_Exercise brief:_
Up to and including the line with "Moodies menstruatie &", please reproduce the lines below exactly, beginning with the first.

Records from a collection

.....

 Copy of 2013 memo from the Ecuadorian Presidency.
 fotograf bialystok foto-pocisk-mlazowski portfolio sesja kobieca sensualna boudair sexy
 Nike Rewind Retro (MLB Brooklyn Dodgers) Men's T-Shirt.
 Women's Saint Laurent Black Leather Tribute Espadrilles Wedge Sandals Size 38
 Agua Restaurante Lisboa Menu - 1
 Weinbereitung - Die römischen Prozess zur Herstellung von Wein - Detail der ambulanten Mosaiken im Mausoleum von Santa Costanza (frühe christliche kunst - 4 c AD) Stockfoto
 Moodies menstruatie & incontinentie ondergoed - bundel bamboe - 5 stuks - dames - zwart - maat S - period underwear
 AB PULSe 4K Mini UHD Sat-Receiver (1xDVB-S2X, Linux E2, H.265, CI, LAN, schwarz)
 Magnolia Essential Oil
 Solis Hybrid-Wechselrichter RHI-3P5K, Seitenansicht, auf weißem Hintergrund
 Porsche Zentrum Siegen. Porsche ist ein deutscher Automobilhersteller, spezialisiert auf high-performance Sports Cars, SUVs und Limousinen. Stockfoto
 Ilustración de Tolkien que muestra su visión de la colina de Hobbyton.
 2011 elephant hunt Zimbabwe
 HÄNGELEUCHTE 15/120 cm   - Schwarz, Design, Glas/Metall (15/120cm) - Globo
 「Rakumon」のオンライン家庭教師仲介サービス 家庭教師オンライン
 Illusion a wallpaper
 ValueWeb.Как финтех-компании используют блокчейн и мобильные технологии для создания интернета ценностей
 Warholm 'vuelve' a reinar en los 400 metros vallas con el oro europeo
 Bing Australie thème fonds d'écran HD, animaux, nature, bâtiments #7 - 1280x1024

.....

_Answer below:_
 Copy of 2013 memo from the Ecuadorian Presidency.
 fotograf bialystok foto-pocisk-mlazowski portfolio sesja kobieca sensualna boudair sexy
 Nike Rewind Retro (MLB Brooklyn Dodgers) Men's T-Shirt.
 Women's Saint Laurent Black Leather Tribute Espadrilles Wedge Sandals Size 38
 Agua Restaurante Lisboa Menu - 1
 Weinbereitung - Die römischen Prozess zur Herstellung von Wein - Detail der ambulanten Mosaiken im Mausoleum von Santa Costanza (frühe christliche kunst - 4 c AD) Stockfoto
 Moodies menstruatie & incontinentie ondergoed - bundel bamboe - 5 stuks - dames - zwart - maat S - period underwear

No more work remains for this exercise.